A Northern Hemispheric Wave Train Associated with Interannual Variations in the Bermuda High during Boreal Summer

Abstract

AbstractThe processes that lead to the spatial and temporal evolution of the Bermuda high (BH) during July and August (JA) are investigated on the basis of linear regression analysis. The analysis is based on a Bermuda high index (BHI): the difference in standardized, deseasonalized, and detrended sea level pressure (SLP) between northeast of Bermuda (40°N, 60°W) and New Orleans (30°N, 90°W). Negative values of BHI indicate a westward expansion of the Bermuda high relative to its climatological-mean location and reduced precipitation in the southeastern United States (SEUS), whereas positive values correspond to BH contraction and enhanced precipitation in the SEUS. Linear regression of the 200-hPa geopotential height based on the BHI reveals the existence of a Rossby wave train that extends zonally from the eastern North Pacific to the eastern North Atlantic. The troughs and ridges associated with this wave train are spatially collocated with the climatological-mean jet stream, indicating that the jet serves as their waveguide.
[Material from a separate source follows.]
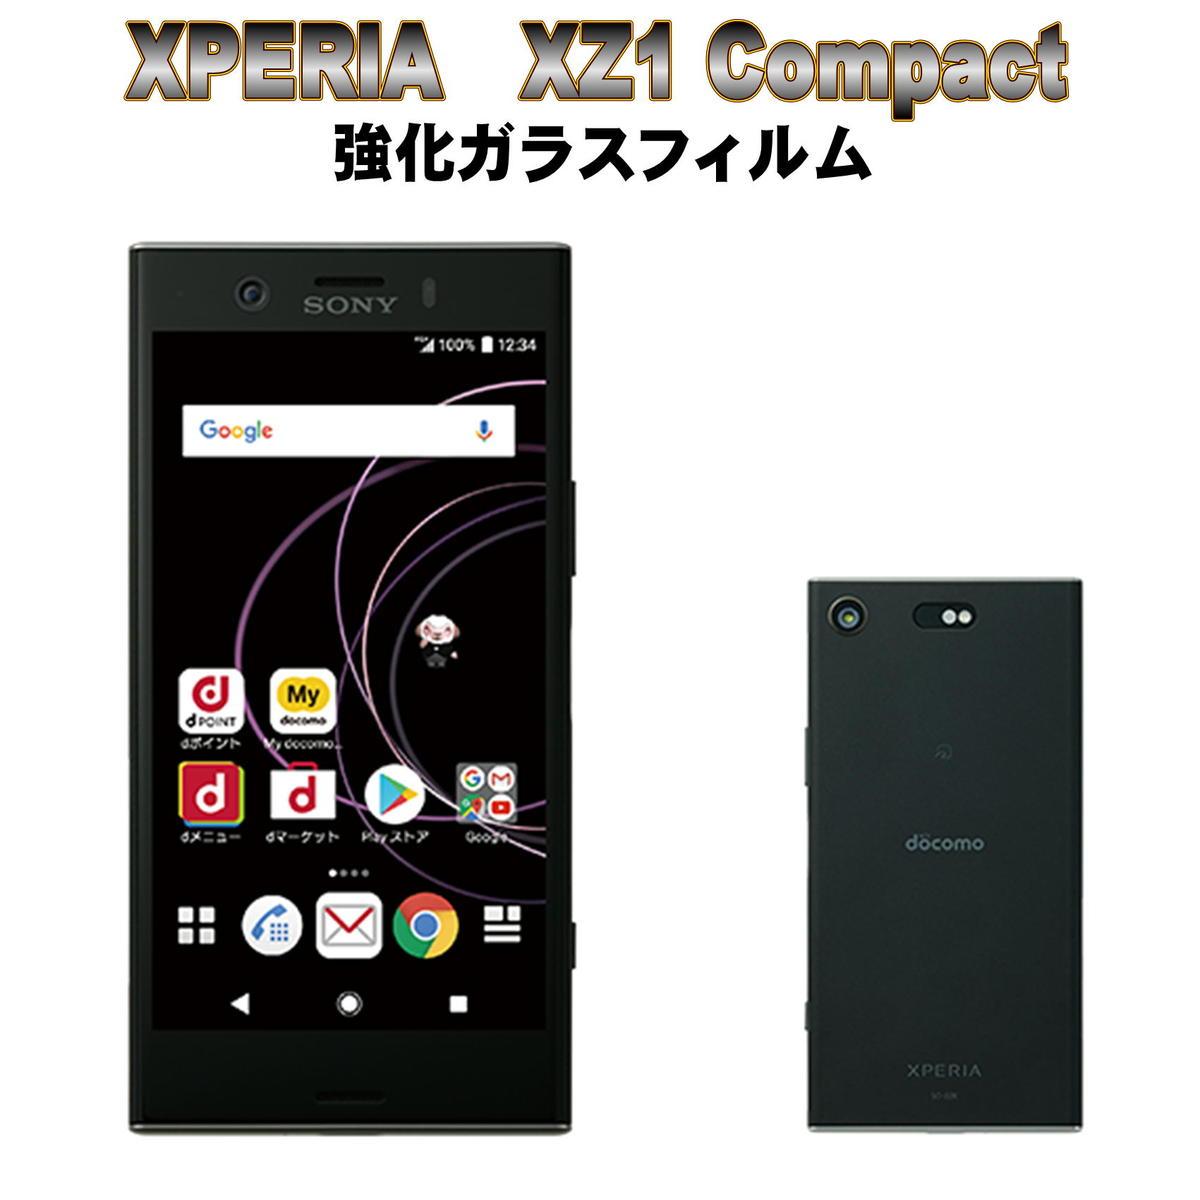 正規認証品 新規格 液晶画面を徹底防御 液晶保護フィルム ガラスフィルム 保護フィルム Android アンドロイド 強化ガラスフィルム 送料0円 SO-02K フィルム Xperia XZ1 Compact

Anomalous troughing in the SEUS associated with this wave train is linked to the contraction of the Bermuda high during JA. The enhanced precipitation is associated with anomalous ascent to the east and south of this trough where anomalous warm advection is observed. Based on these results, it is hypothesized that this Rossby wave train may partially explain the occurrence of suppressed precipitation tied to midsummer drought in the SEUS during July and August. It is found that the BHI has trended from negative to positive in recent decades, suggesting that it may be influenced by low-frequency variability.